Acquisition Preparation and System Information Acquisition

Linux/Unix forensics follows the general forensic process of collecting, preserving, analyzing, and reporting evidence.

  1. First is a set of forensic tools, including a bootable live CD.

    The reason is simple: You should never trust any tools from the suspect machine since it has potentially compromised. When booting using a forensic bootable CD in forensic mode, the internal suspect hard drive is not touched.

  2. Second is a powerful machine, sometimes we call it forensic machine or evidence server.

    This system has forensic tools installed and its drives are wiped clean for storing acquired evidence.

Volatile data acquisition

Volatile evidence is evidence that can easily be changed. Every memory dump will be different since memory is constantly changing. That’s why we should first acquire the data that is most volatile.
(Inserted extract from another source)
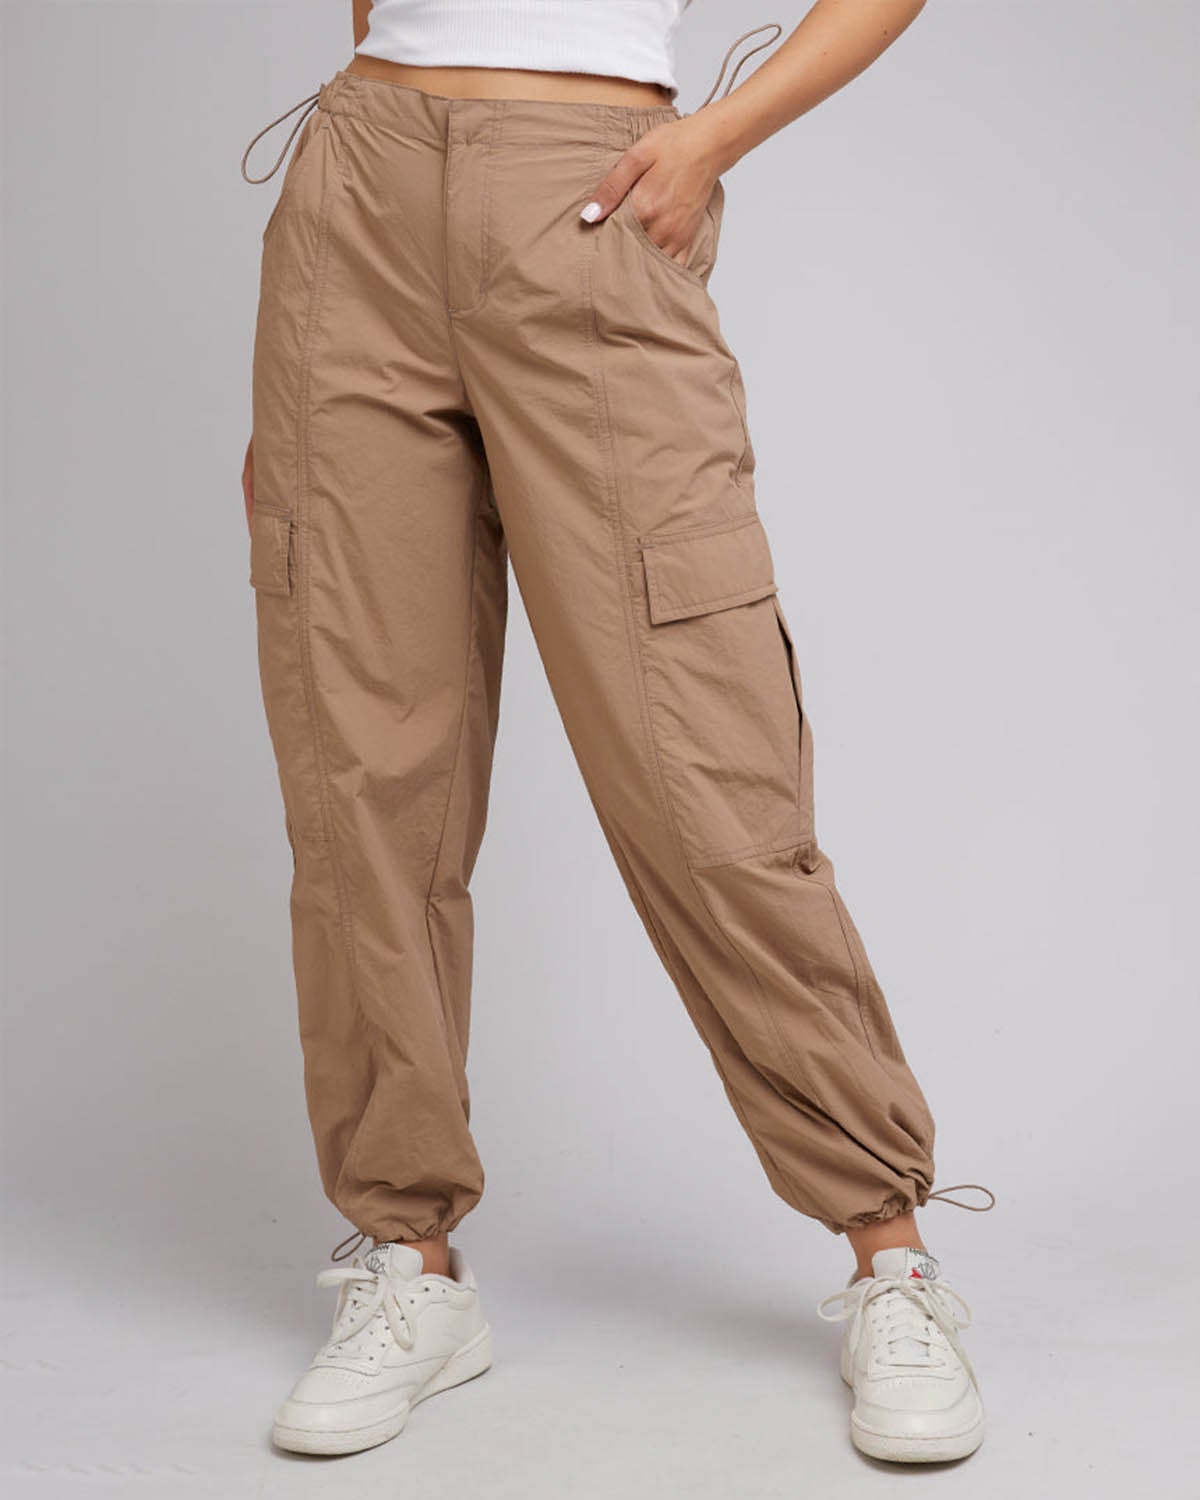 90s khaki pants by No Boundaries. Khaki tan fabric,... - Depop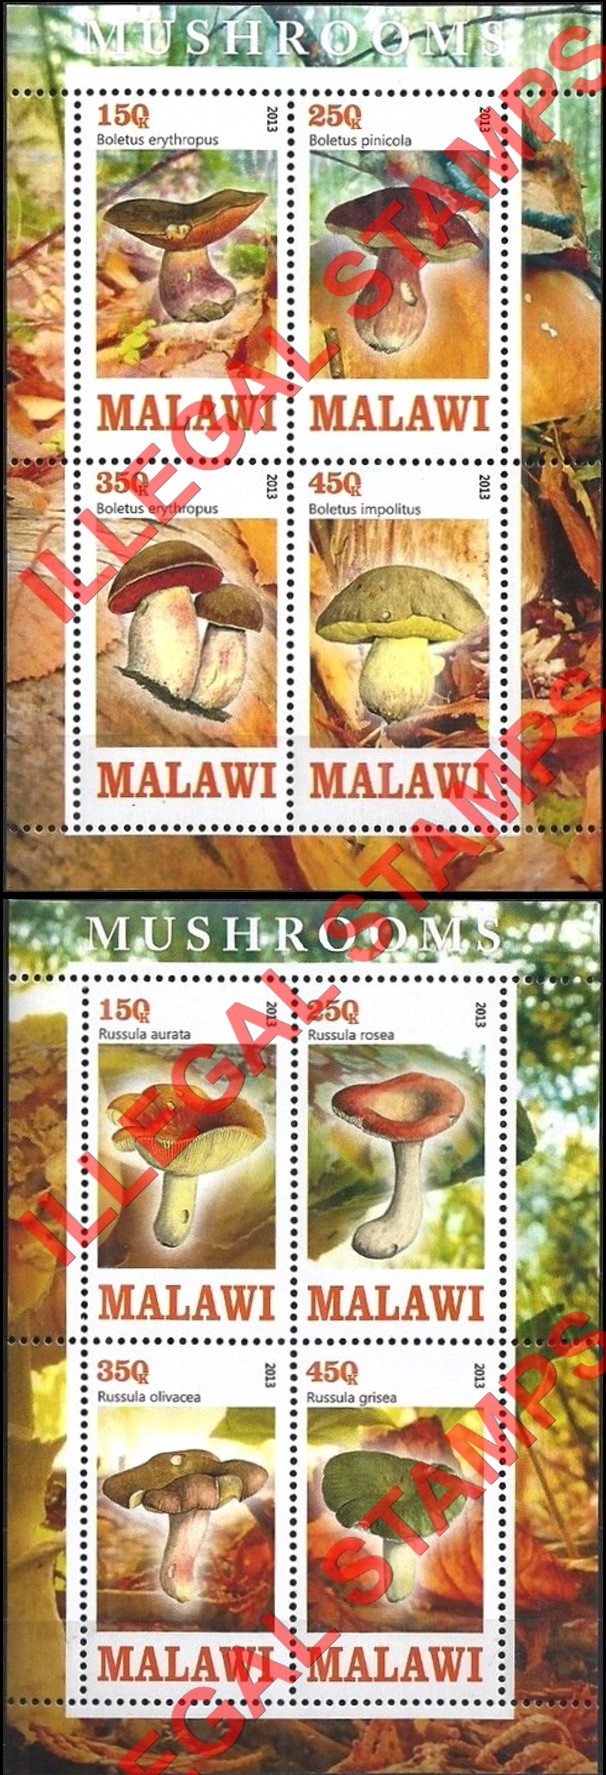 Malawi 2013 Mushrooms Illegal Stamp Souvenir Sheets of 4 (Part 1)

A possible order of collection from most volatile to least volatile until non-volatile is memory; swap space or page file; network status; connections; processes running; open files; drives, and removable media.

Since you are directly collecting volatile evidence from a suspect machine, you are inevitably changing data. To ensure a minimal impact to the original data, you should always try to use small footprint tools and you should always document everything you have done.

Collect information from a live system

On potentially compromised system we cannot trust anything, any tool from this machine. Use trusted tools from somewhere else, eg. a mounted USB.

Note

When we run any commands the output has to be saved to outside from potentially compromised machine, eg. a mounted USB.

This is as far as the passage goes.